Aralıklı açlığın böbrek fonksiyonu üzerinde etkisi olduğu bulunmuştur. Çalışmalar, aç kalmanın enerji üretiminde yer alan metabolik enzimlerde azalmaya ve böbreğin taşıma fonksiyonlarında azalmaya yol açabileceğini göstermiştir. Ancak, aç kaldıktan sonra yeniden beslenmek bu etkileri iyileştirebilir ve böbrek fonksiyonunu başlangıç ​​değerlerine geri getirebilir . Ek olarak, Ramazan ayında oruç tutmanın böbrek fonksiyonlarını bozmadığı ve hatta evre III-IV kronik böbrek hastalığı olan hastalarda böbrek fonksiyonlarında orta derecede iyileşmeye yol açabileceği bulunmuştu.. Bu bulgular, aralıklı orucun ardından yeniden beslenme yapıldığında veya tıbbi gözetim altında yapıldığında böbrek fonksiyonu üzerinde olumsuz bir etkiye sahip olmayabileceğini ve belirli böbrek rahatsızlıkları olan bireyler için potansiyel olarak faydalı olabileceğini düşündürmektedir.

Fonksiyonel etki örnekleri ve çeşitli organ sistemlerinin İF’ye verdiği başlıca hücresel ve moleküler tepkiler. İnsanlarda ve kemirgenlerde İF, dolaşımdaki insülin ve leptin seviyelerinin azalmasına, keton seviyelerinin yükselmesine ve pro-enflamatuar sitokinlerin ve oksidatif stres belirteçlerinin seviyelerinin azalmasına neden olur.

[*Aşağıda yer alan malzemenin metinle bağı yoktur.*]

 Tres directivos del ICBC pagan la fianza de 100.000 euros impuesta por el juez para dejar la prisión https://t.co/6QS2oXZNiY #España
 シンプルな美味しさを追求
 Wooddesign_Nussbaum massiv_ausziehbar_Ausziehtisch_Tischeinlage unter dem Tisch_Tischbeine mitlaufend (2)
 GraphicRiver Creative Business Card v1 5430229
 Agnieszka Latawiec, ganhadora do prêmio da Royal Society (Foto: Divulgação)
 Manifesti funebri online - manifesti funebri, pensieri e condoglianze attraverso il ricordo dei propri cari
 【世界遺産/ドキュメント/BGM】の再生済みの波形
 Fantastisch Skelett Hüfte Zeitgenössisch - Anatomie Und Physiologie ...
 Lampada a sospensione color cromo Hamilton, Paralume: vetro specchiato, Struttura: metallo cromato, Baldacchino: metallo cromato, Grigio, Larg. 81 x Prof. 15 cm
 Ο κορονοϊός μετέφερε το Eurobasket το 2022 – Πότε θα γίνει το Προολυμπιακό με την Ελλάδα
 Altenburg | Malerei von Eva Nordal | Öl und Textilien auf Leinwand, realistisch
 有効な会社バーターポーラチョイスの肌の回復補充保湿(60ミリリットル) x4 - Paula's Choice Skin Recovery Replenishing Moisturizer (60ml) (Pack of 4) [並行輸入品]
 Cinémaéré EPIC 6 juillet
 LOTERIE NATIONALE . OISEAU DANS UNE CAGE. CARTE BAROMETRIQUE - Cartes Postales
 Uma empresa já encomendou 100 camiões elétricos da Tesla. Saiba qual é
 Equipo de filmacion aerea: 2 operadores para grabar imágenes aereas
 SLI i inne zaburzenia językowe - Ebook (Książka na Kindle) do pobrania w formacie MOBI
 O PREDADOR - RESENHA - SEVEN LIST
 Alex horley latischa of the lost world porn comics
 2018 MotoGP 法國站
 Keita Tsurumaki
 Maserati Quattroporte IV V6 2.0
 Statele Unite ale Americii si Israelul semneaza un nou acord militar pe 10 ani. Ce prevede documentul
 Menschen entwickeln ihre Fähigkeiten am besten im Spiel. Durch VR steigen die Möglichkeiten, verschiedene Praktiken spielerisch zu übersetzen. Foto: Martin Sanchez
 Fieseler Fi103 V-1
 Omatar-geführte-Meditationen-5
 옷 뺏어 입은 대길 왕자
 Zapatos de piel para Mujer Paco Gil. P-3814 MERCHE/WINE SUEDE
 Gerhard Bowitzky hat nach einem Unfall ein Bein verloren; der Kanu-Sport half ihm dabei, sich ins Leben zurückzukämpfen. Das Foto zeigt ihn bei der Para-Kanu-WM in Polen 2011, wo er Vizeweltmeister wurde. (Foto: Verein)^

Karaciğer hücreleri açlığa keton üreterek, insülin duyarlılığını artırarak ve lipid birikimini azaltarak yanıt verir. Bağırsaklardaki enflamasyon belirteçleri IF ile azalır. Kas hücrelerinin insülin duyarlılığı artar ve açlık ve egzersiz tarafından tetiklenen metabolik değişime yanıt olarak kas hücrelerinde inflamasyon azalır. Ortaya çıkan bulgular, açlık durumundaki egzersiz eğitiminin kas büyümesini ve dayanıklılığını artırabileceğini göstermektedir. İF’nin kardiyovasküler sistem üzerinde kan basıncını düşürme, istirahat kalp atış hızını azaltma, kalp atış hızı değişkenliğini artırma (gelişmiş kardiyovasküler stres adaptasyonu) ve miyokard enfarktüsü hayvan modellerinde kalp kasının hasara karşı direnci dahil olmak üzere güçlü yararlı etkileri belgelenmiştir. Laboratuvar hayvanları ve insan denekler üzerinde yapılan çalışmalar, İF’nin bilişi (öğrenme ve hafıza) geliştirebileceğini göstermiştir; altta yatan mekanizmalar nörotrofik faktörleri, mitokondriyal biyogenez ve otofajinin uyarılmasını ve yeni sinaps oluşumunu içerebilir. IF ayrıca nöronların strese karşı direncini artırır ve nöroinflamasyonu baskılar. *Hayvan modellerinde gösterilmiştir, ancak henüz insanlarda değerlendirilmemiştir.